Which is why a random day after my 61st birthday (the one you forgot to read about), I chose a different path. Over the years since May 2018 camping at Kapa’a I have been many times. And exploring on foot the environs there—still curious and baffled. But this one day recently (birthday being February 2, remember?) I stopped the vehicle I drive a mile or so before the official campground. An entrance was there onto the land and I hadn’t lost hope.
Perhaps another angle—a new path—was my guess into the mystery why a common campground was vibrating so. On this journey today I am no longer solo because I am having a dog, my trusty sidekick Bell, and we two departed the car to begin a hike. What I couldn’t see was the campground yet I knew she was somewhere over there in proximity. I’ll find the ancients from further along the ocean coastline was an eccentric tack I took and kept walking.

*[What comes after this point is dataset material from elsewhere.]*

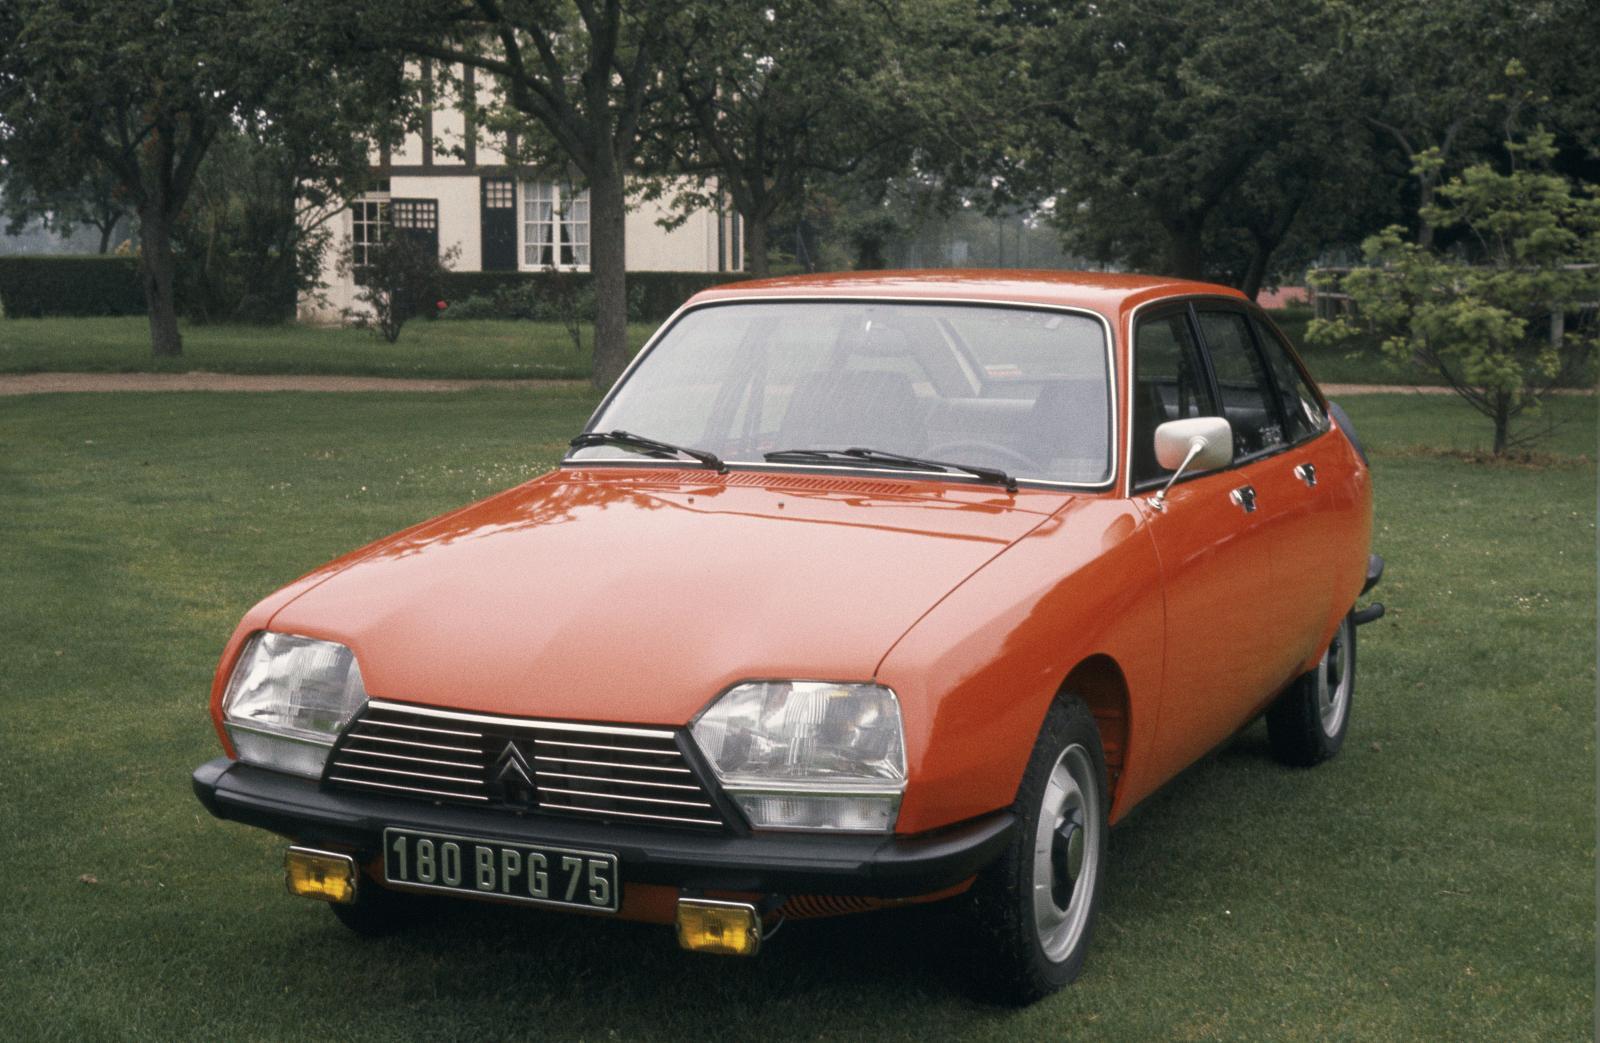 GS X 1978

Alongside the ocean we hiked onto land that is a whirl of smells: old kiawe forest trees float whisps of leaf and bark and residual rain scents from baking in high heat sun; ankle-level drying shrub on reddish brown earth evokes dusty earth, richly aromatic and wary from all the direct Hawai’i sun; and salty air from the ocean so close mists everything. Taking a sharp turn to hike directly towards the ocean, we still had a quarter mile or so to cover before arrival. Bell kept pausing and checking in: is this where the ancients are? I had been talking aloud continually with her that soon our discovery might or possibly or perhaps or maybe could happen. My dog Bell is and continues to be a believer in sauntering walks, having earned her faithful trust over the last two years. She knows my talking aloud is a kind of chanting with nature.
What a sight to see right next to the ocean two distinct relics where ancients had been living at one time. A few gentle prayers I brought to the experience, asking if a friendly visit was opportune for this moment and instantly the kiawe tree limbs moved from side to side. Given an affirmative, I stepped into an ancient dwelling, closed my eyes, and said thanks. Dwelling with history brings on the quiet energy to realize how abundant a life-in-time had once been. Evidence was everywhere.

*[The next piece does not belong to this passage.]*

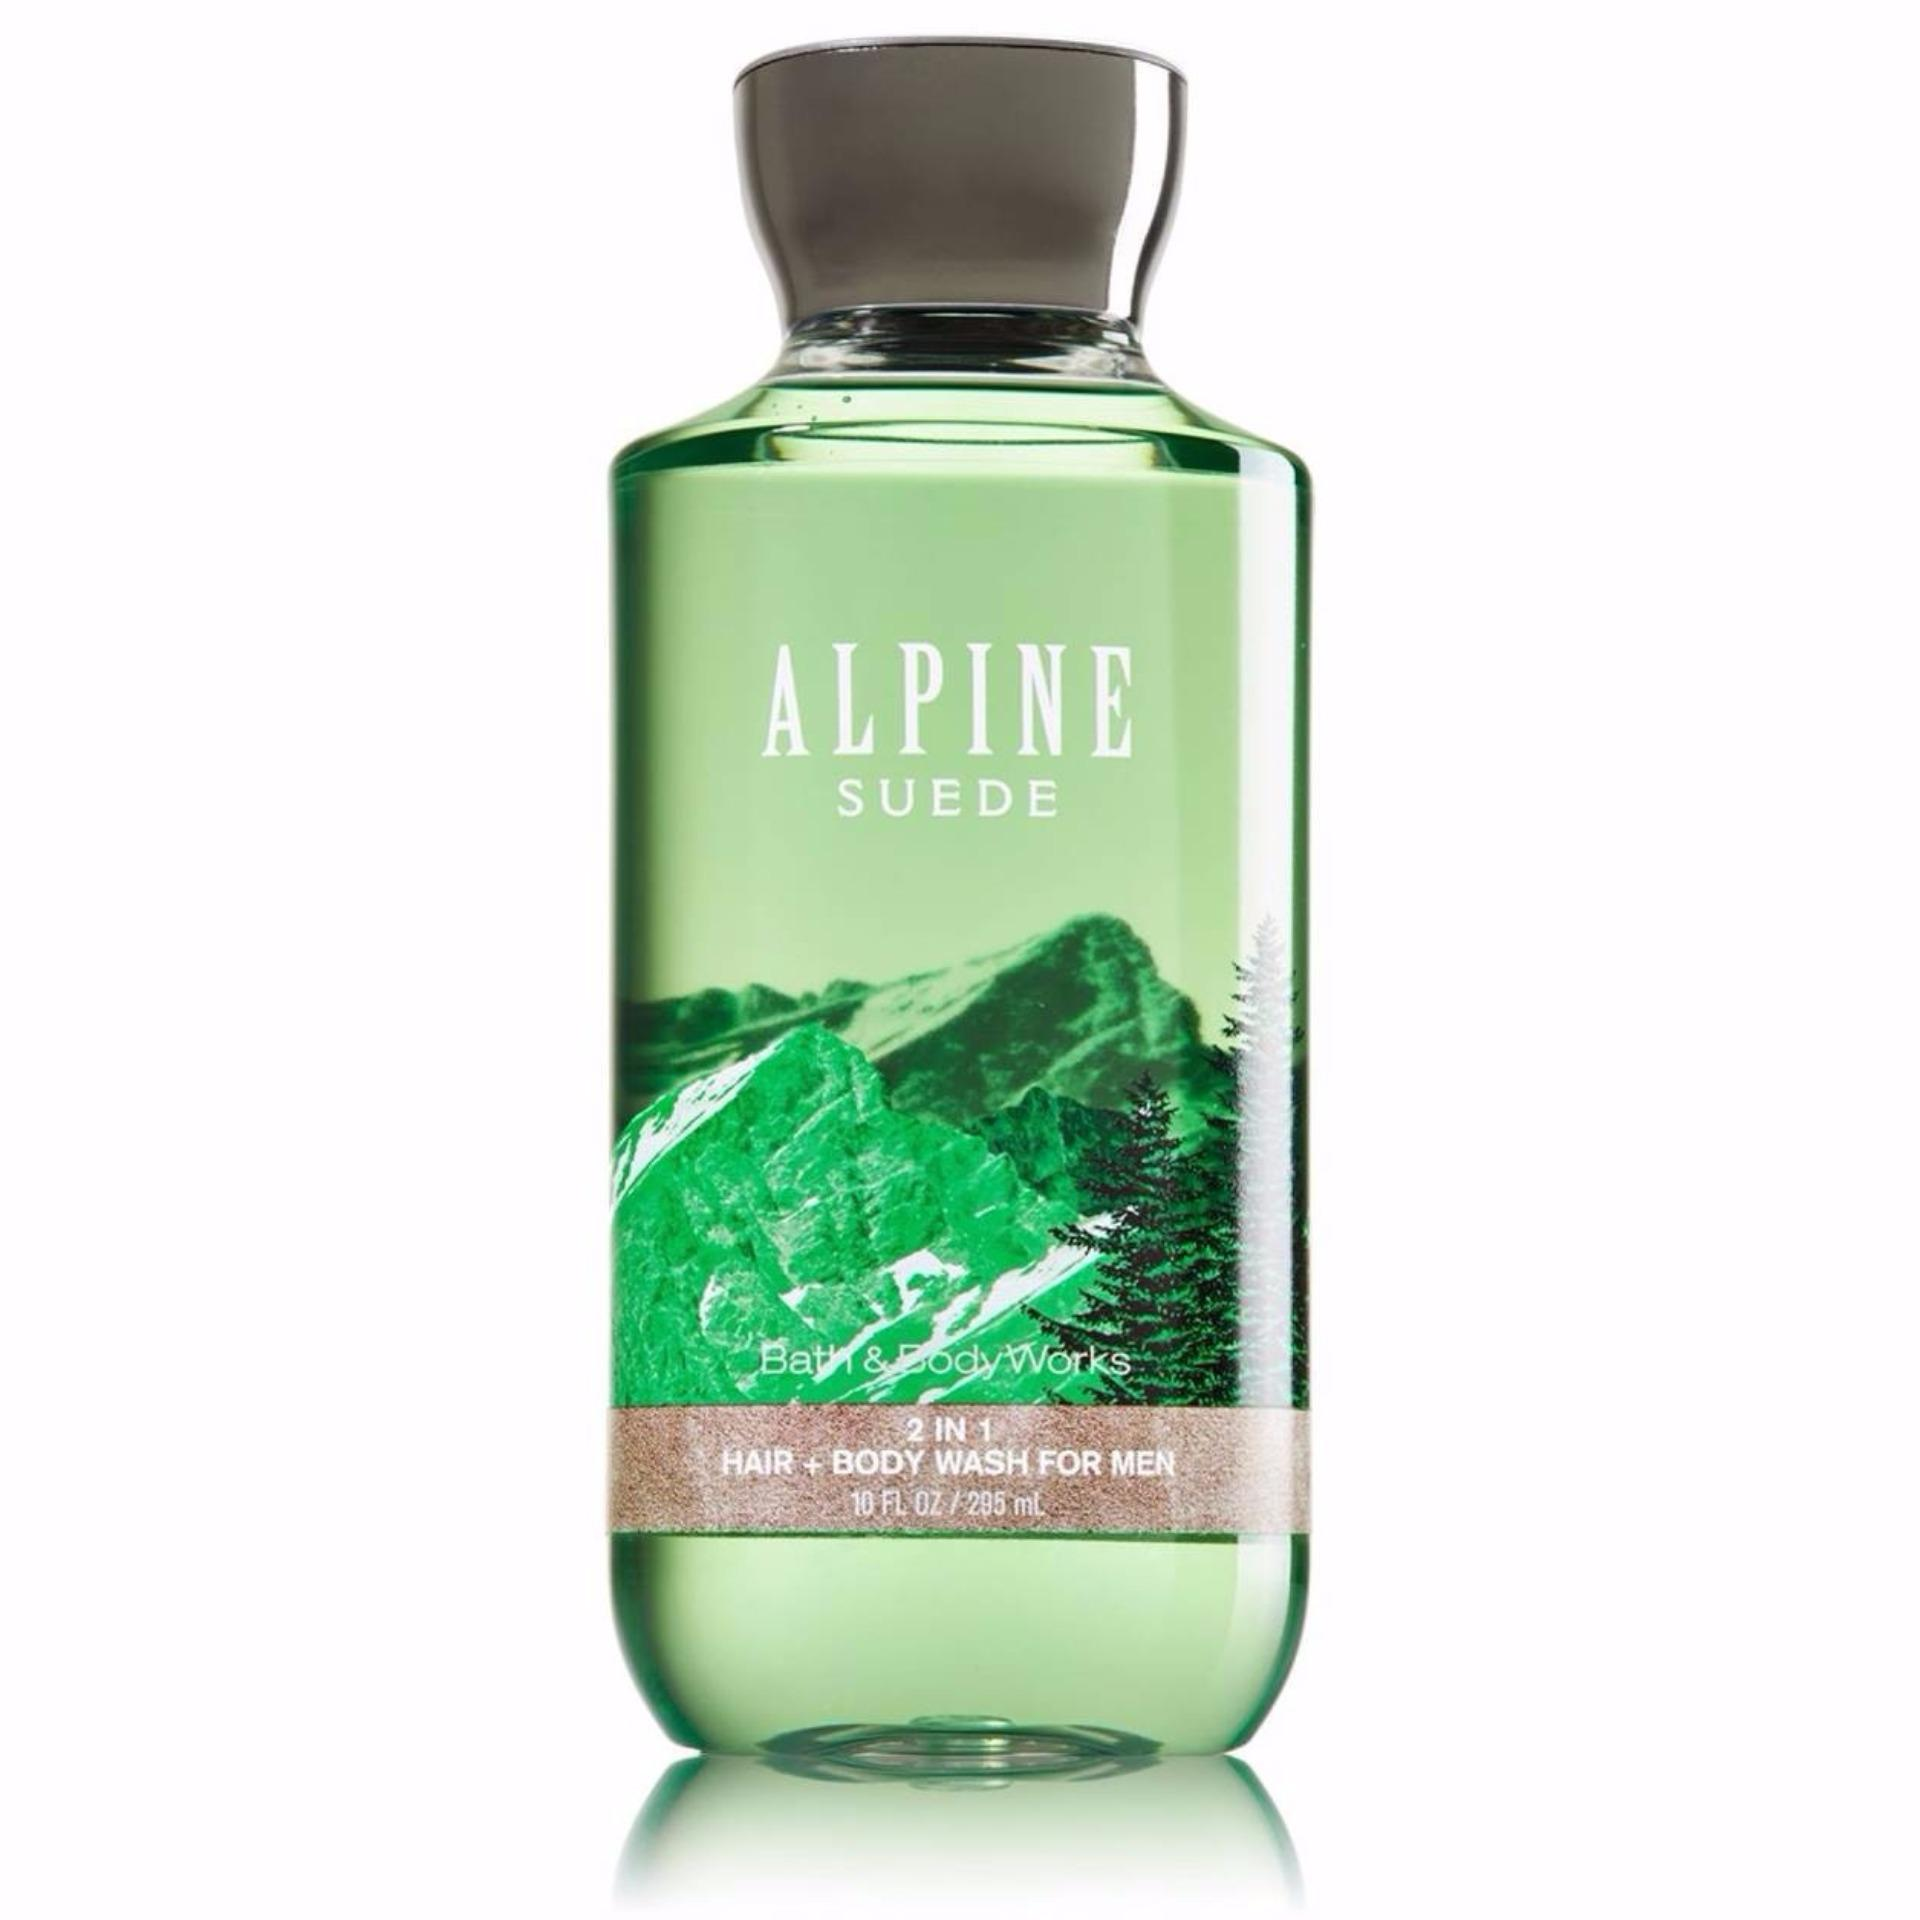 Tắm gội 2in1 cho nam Bath & Body Works for men 295ml #Alpine Suede nhập khẩu

And when I walked forty or fifty feet further to the ocean waters, I looked around the coastline corner. My joyful surprise was to see so close and so clear Kapa’a campground. Now I knew why the place vibes so strongly with ancients because their residences are simply such a short distance away, energetically resonating just not visibly seen. Moments like these are heartfelt reminders that in my one brief life, I am on the right path. Whenever I go, what I plan to leave are light footprints to spiritual places that gift so much wisdom and gratitude.

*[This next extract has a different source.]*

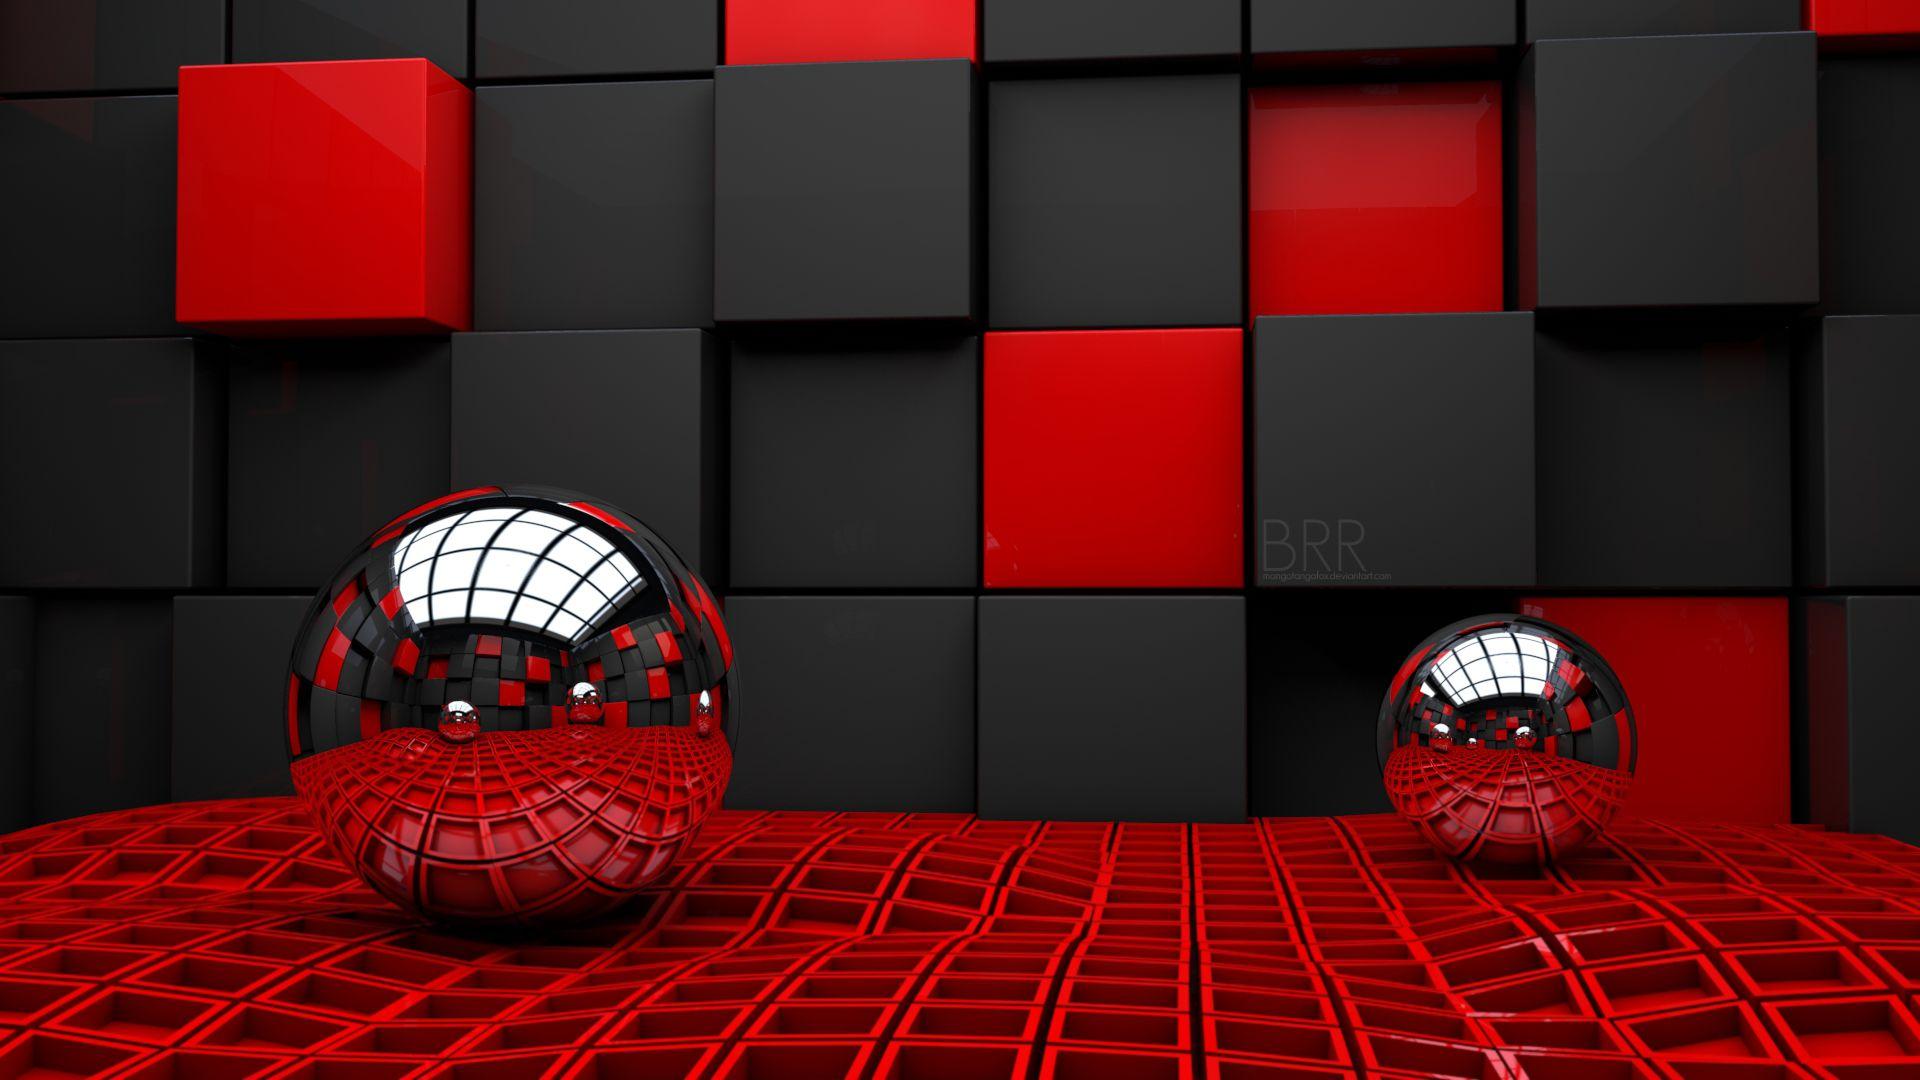 Red And Black Cubes Background Hd Wallpaper Cool 3d Wallpapers 3d Desktop Wallpaper

Intrepid dog Bell and her writer colleague begin a walk.
After a few minutes walking a gentle slope, the ocean ancients are near.
Native Hawaiians worked expertly with rocks to build living spaces.
Surrounding trees gave shade for interior dwellings, indigenous peoples working with nature’s gifts.
Kapa’a campground can be seen from the ancient dwelling.
Ancient dwelling resides several hundred feet close, meaning ancients often chose life locations based on canoes: having ocean access during high tide.